Khái niệm cốt lõi
Das Ziel ist es, die Länge der längsten Tour unter einer Menge von Touren zu minimieren, indem eine lerngeleitete iterierte Lokalsuche verwendet wird.
Tóm tắt
Der Artikel präsentiert einen lerngeleiteten iterierten Lokalsuchansatz (MILS) zur Lösung des Minmax-Multiple-Traveling-Salesman-Problems (Minmax mTSP). Das Minmax mTSP zielt darauf ab, die Länge der längsten Tour unter einer Menge von Touren zu minimieren.
Der MILS-Algorithmus besteht aus mehreren komplementären Suchkomponenten:
Eine Lokalsuchprozedur verwendet die Best-Improvement-Strategie, um verschiedene Nachbarschaften zu erkunden und hochwertige lokale Optimalwerte zu erreichen.
Ein probabilistisches Akzeptanzkriterium sorgt für kontinuierliche Diversifizierung, um verschiedene Regionen des Suchraums zu besuchen.
Ein Multi-Armed-Bandit-Algorithmus wählt geeignete Entfernungs- und Einfügeoperatoren, um aus tiefen lokalen Optima zu entkommen.
Eine effiziente TSP-Heuristik wird verwendet, um einzelne Touren zu optimieren.
Umfangreiche Experimente auf 77 gängigen Benchmark-Instanzen zeigen, dass der MILS-Algorithmus hervorragende Ergebnisse in Bezug auf Lösungsqualität und Rechenzeit erzielt.

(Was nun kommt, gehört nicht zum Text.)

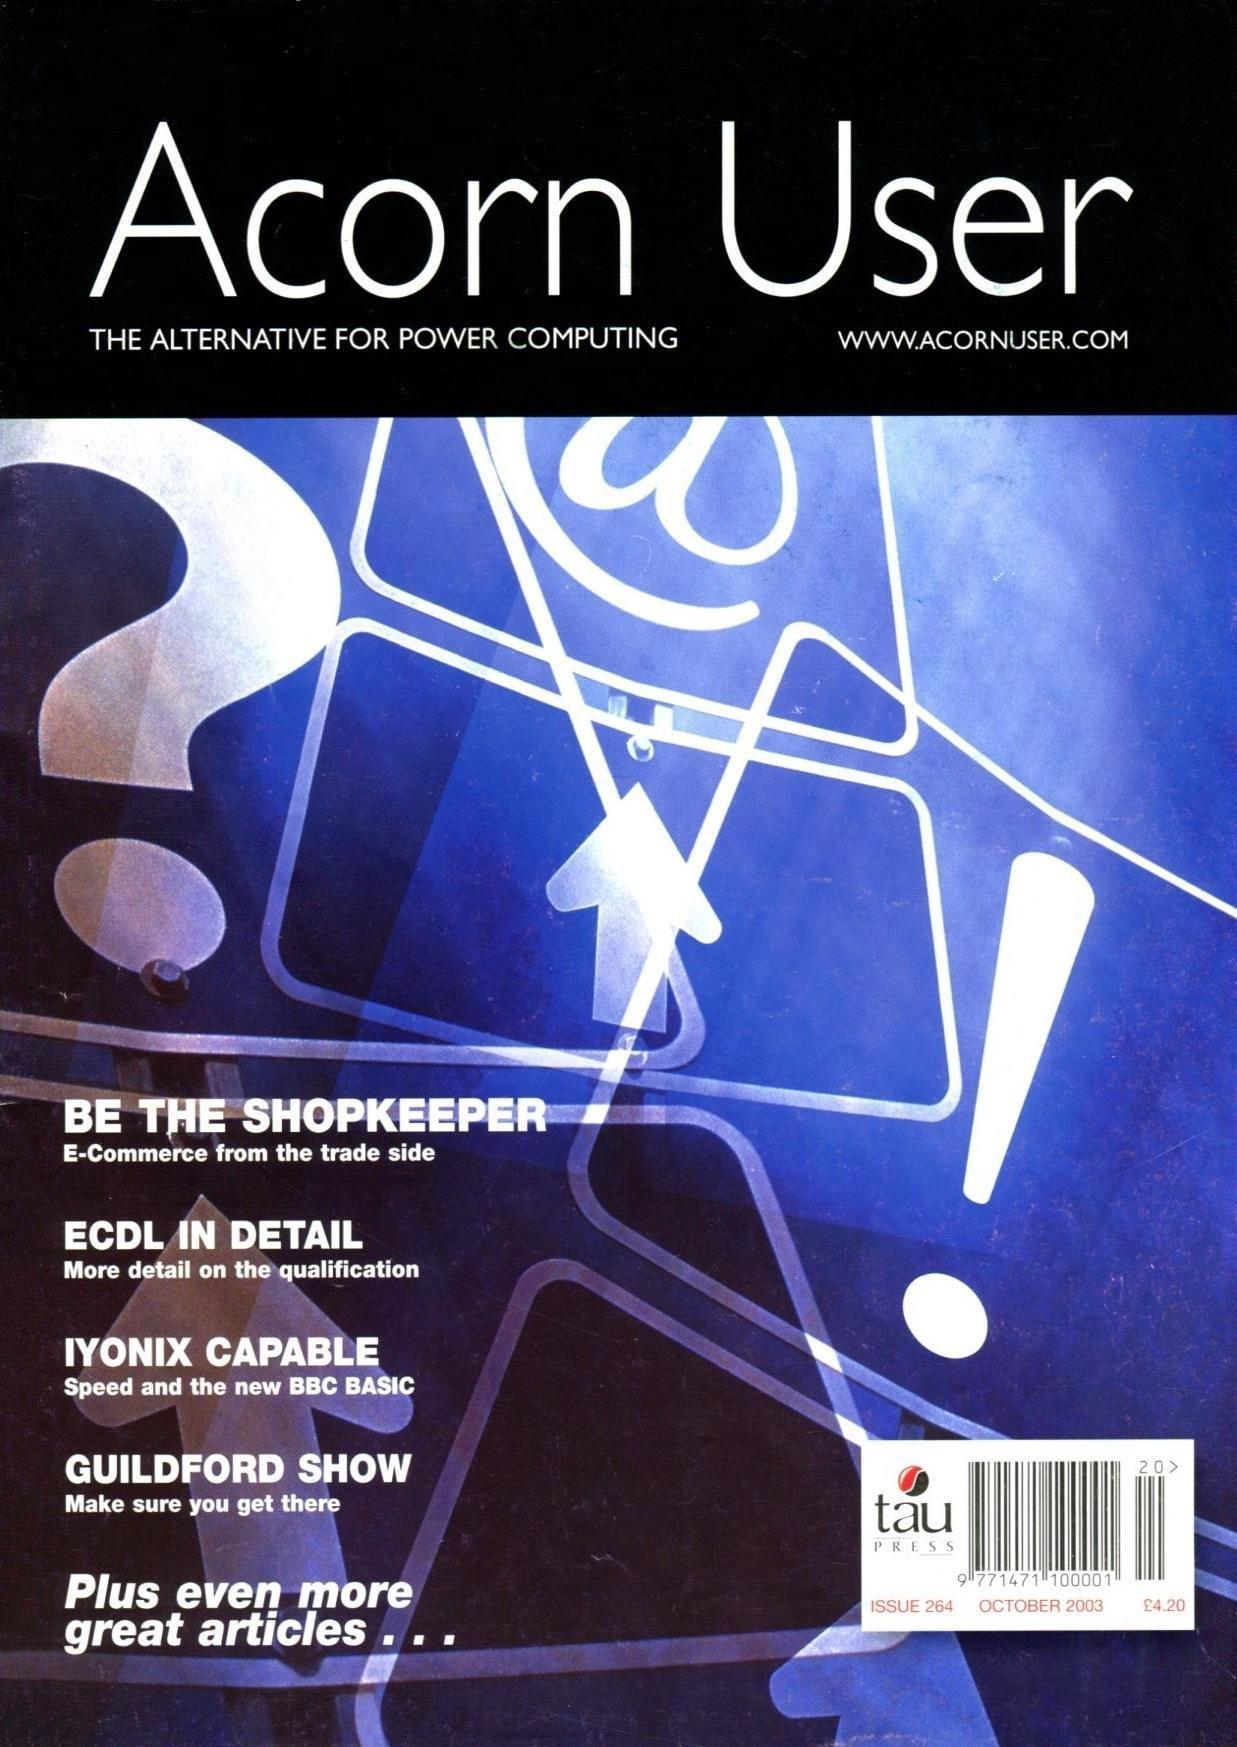 Acorn User 264 (October 2003)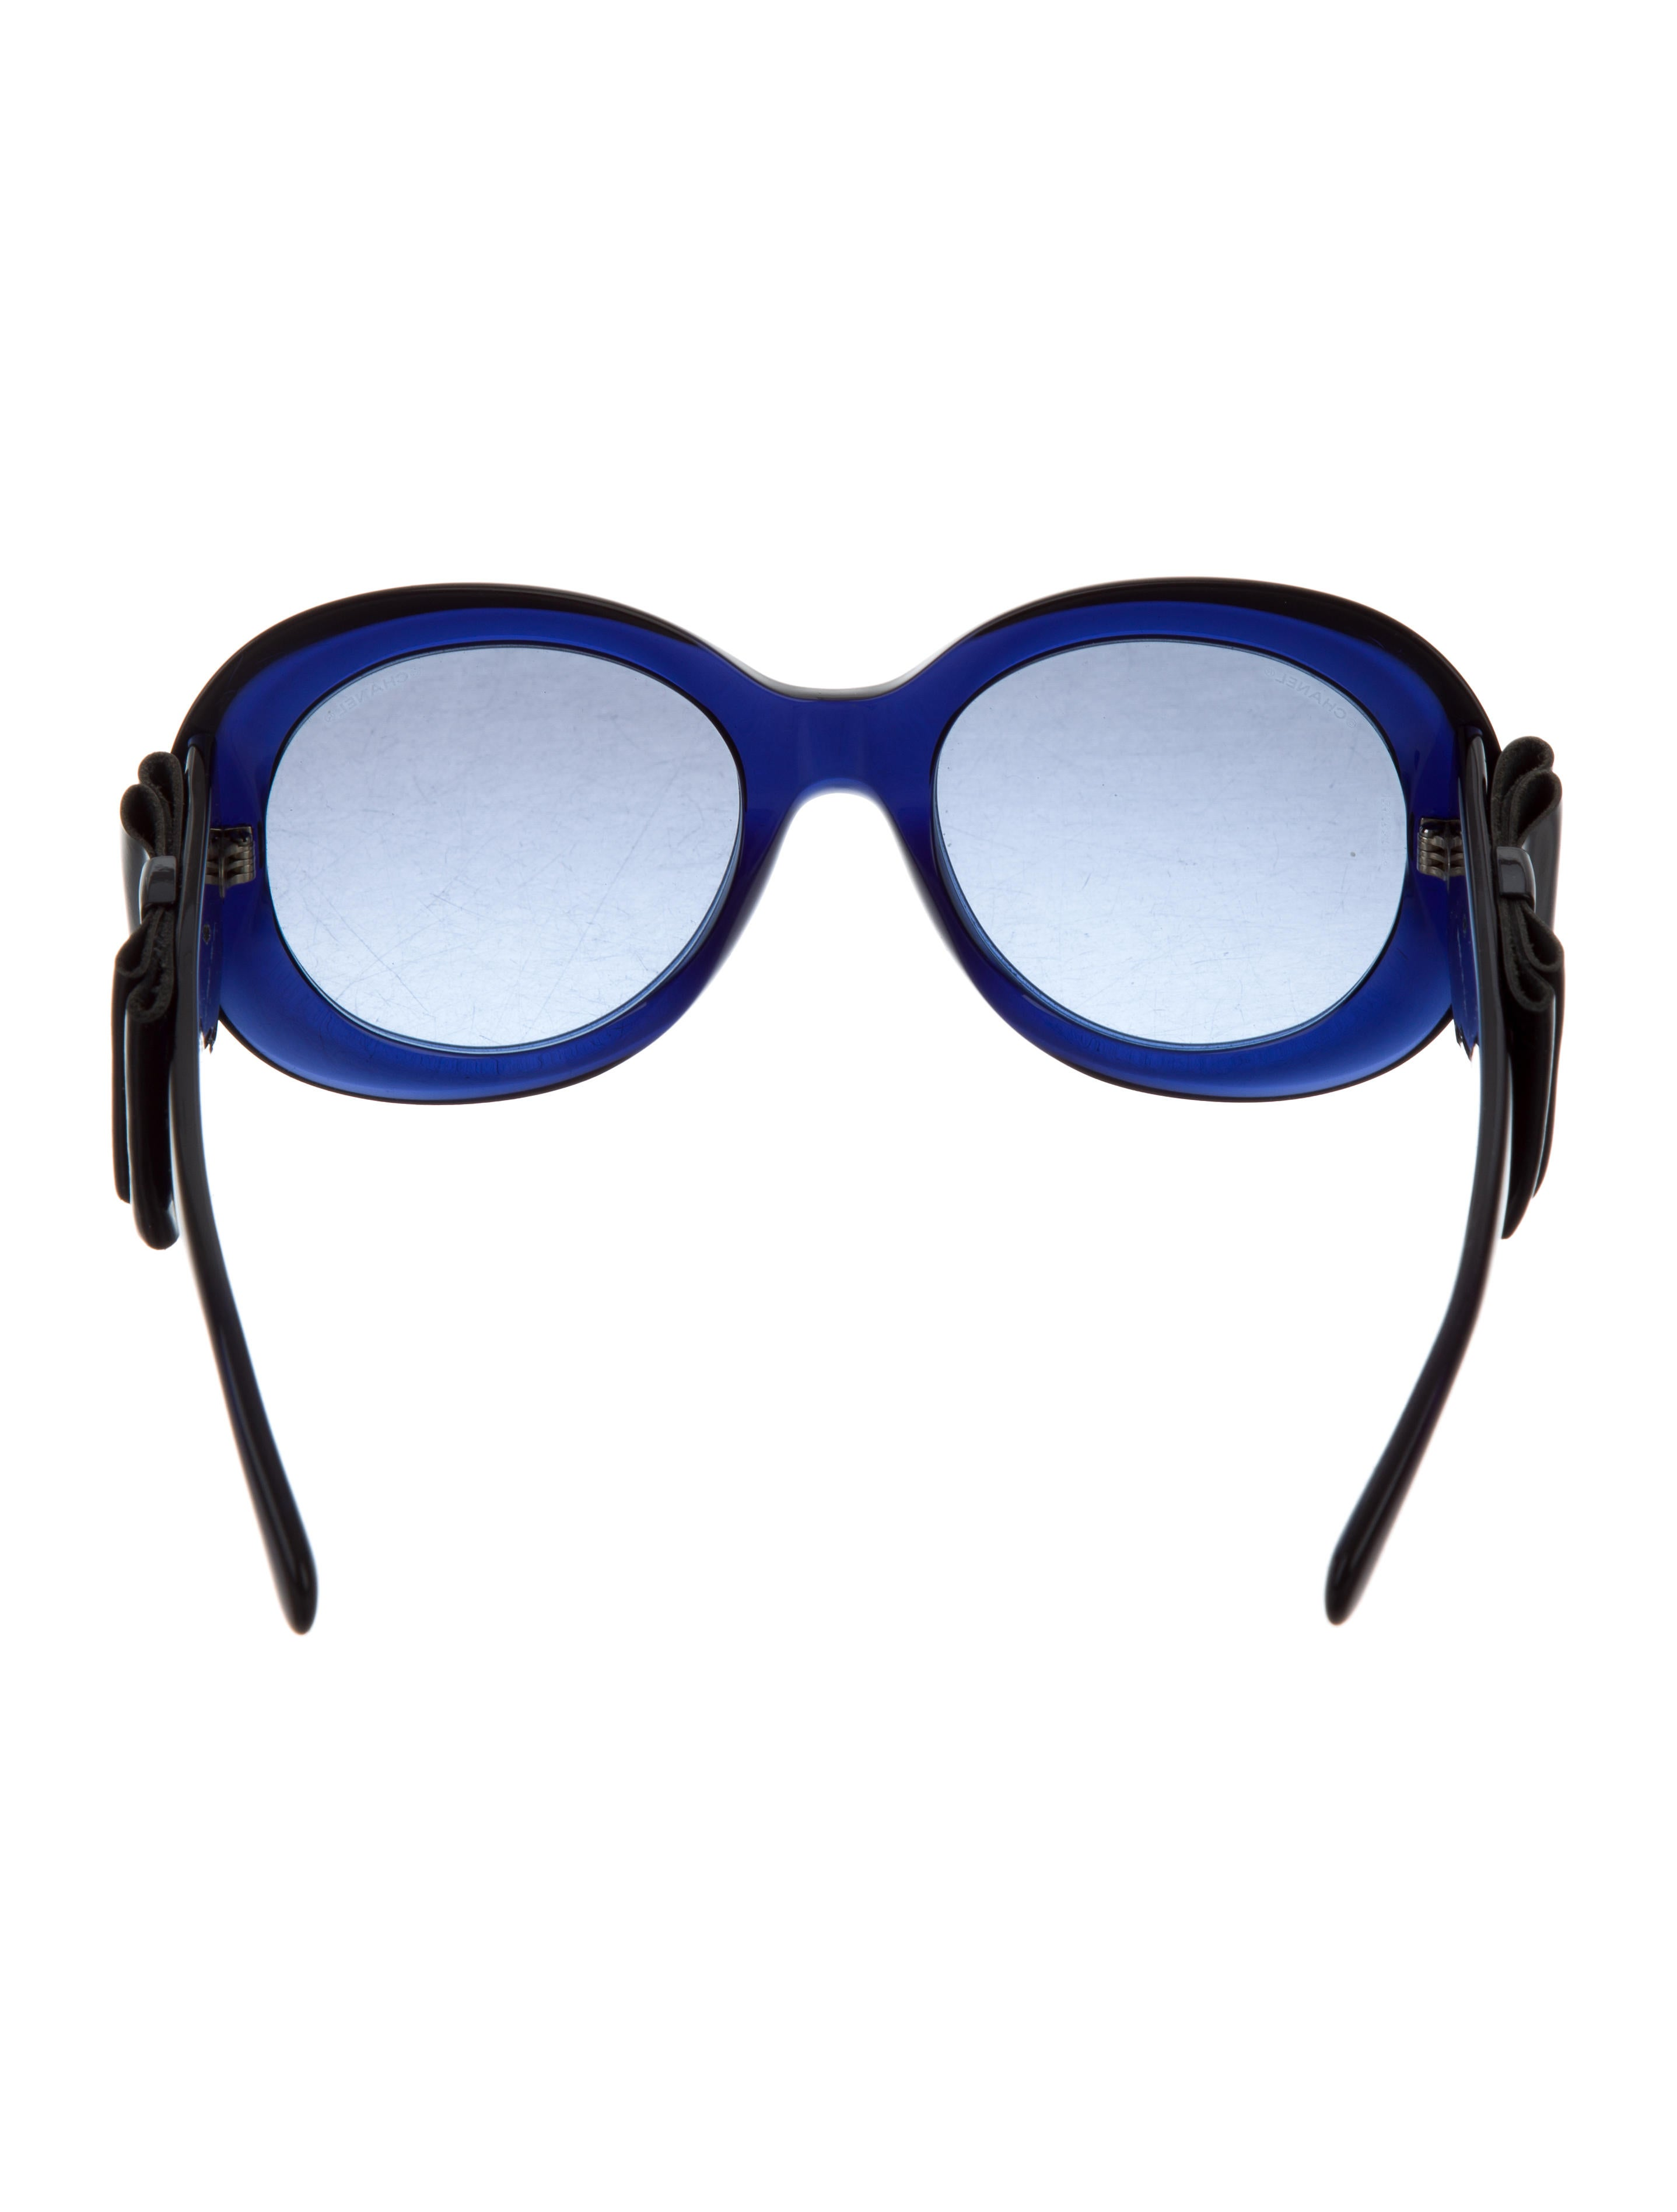 chanel oversize bow sunglasses accessories cha192782

Insbesondere findet er 32 neue beste bekannte Ergebnisse und erreicht die besten bekannten Ergebnisse für 35 weitere Instanzen. Zusätzliche Experimente liefern Erkenntnisse über die Zusammensetzung der Algorithmuskomponenten.
Thống kê
Die Instanzen umfassen 51 bis 5915 Städte und 3 bis 30 Touren.
Der MILS-Algorithmus findet 32 neue beste bekannte Ergebnisse und erreicht die besten bekannten Ergebnisse für 35 weitere Instanzen.
Trích dẫn
"Der MILS-Algorithmus erzielt hervorragende Ergebnisse in Bezug auf Lösungsqualität und Rechenzeit."
"Insbesondere findet der MILS-Algorithmus 32 neue beste bekannte Ergebnisse und erreicht die besten bekannten Ergebnisse für 35 weitere Instanzen."